Era cierto. El Guernica no fue el único exiliado. Amenazados por al auge del nazismo, varios miembros de la Bauhaus y artistas de la Neue Sachlichkeit, como George Grosz, hallaron refugio en Nueva York. La afluencia de esos refugiados culturales aumentó rápidamente tras la Kristallnacht y la degenerada exposición artística hitleriana Entartete Kunst, que hicieron la vida creativa en Alemania peligrosa y prácticamente imposible. Más importante aún, en términos de su futura influencia, fue la llegada de personajes clave del movimiento surrealista con los que Picasso mantenía cierta relación. El núcleo duro de los surrealistas, integrado por André Masson e Yves Tanguy, se estableció en Connecticut. Por su parte, Breton, el «papa del surrealismo», permaneció primordialmente en Nueva York, aunque jamás aprendió inglés, lo que hizo casi imposible que tuviese un contacto directo con los artistas estadounidenses. Wolfgang Paalen y Roberto Matta Echaurren hicieron mucho por transmitir las ideas de los surrealistas, ideas para las que el mundo artístico estadounidense había preparado una innovadora exposición en el MOMA, titulada Arte fantástico, dadá y surrealismo, otro triunfo de su programa cultural para educar y sensibilizar a la opinión pública sobre las últimas tendencias del otro lado del Atlántico.

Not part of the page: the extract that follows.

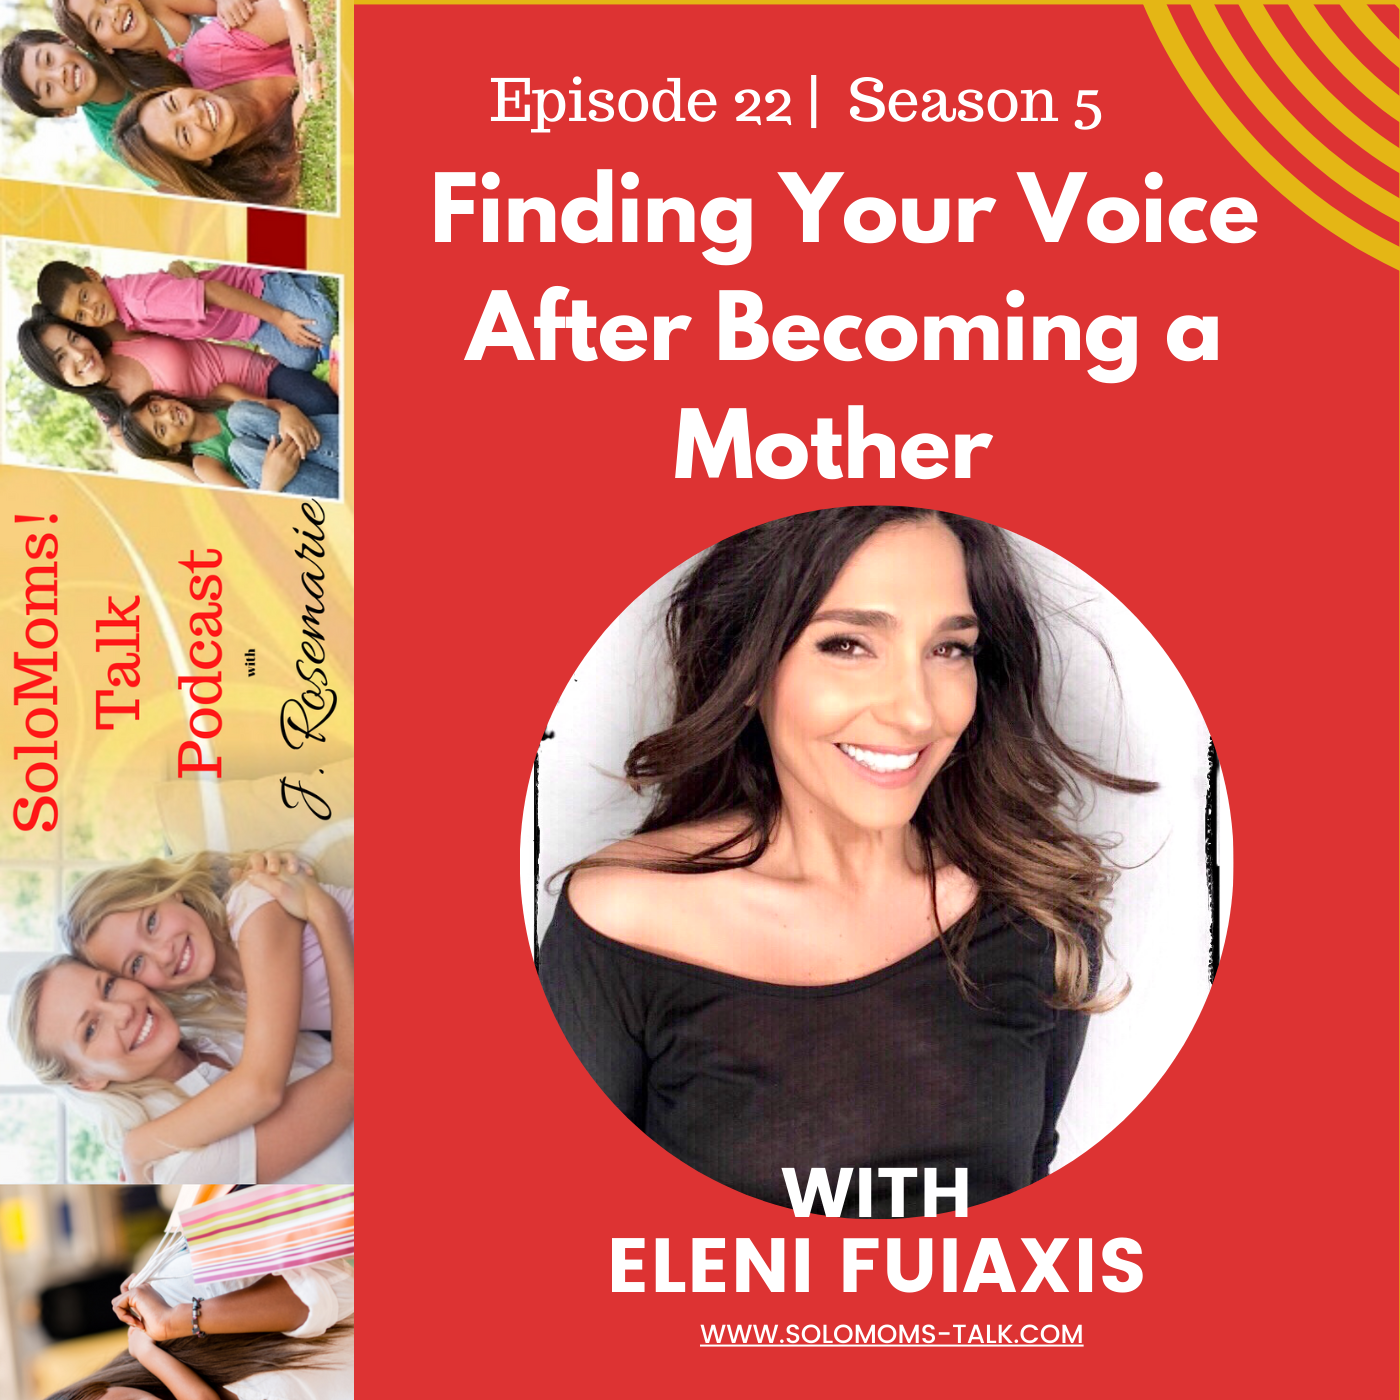 Finding Your Voice After Becoming a Mother w/Eleni Fuiaxis

Con sus mejillas hundidas y sus austeros anteojos, Alfred H. Barr, el inspirado director del MOMA, tenía el modesto aspecto del típico abogado de confianza de la familia o del joven socio de una prestigiosa firma de Wall Street que aún no se siente del todo cómodo con su propio éxito. En sintonía con esa imagen de prudencia, se mostraba mesurado y atemperado en todo. Y sin duda también había algo en él del administrador extremadamente puntilloso. Su esposa Margaret observaba que «en todas las cosas de la mente exigía disciplina y pulcritud». Fue ese rigor intelectual el que le permitió acometer su análisis del arte moderno y la eficaz gestión del museo.

Alfred H. Barr en el MOMA, Nueva York, c. 1930. Scala.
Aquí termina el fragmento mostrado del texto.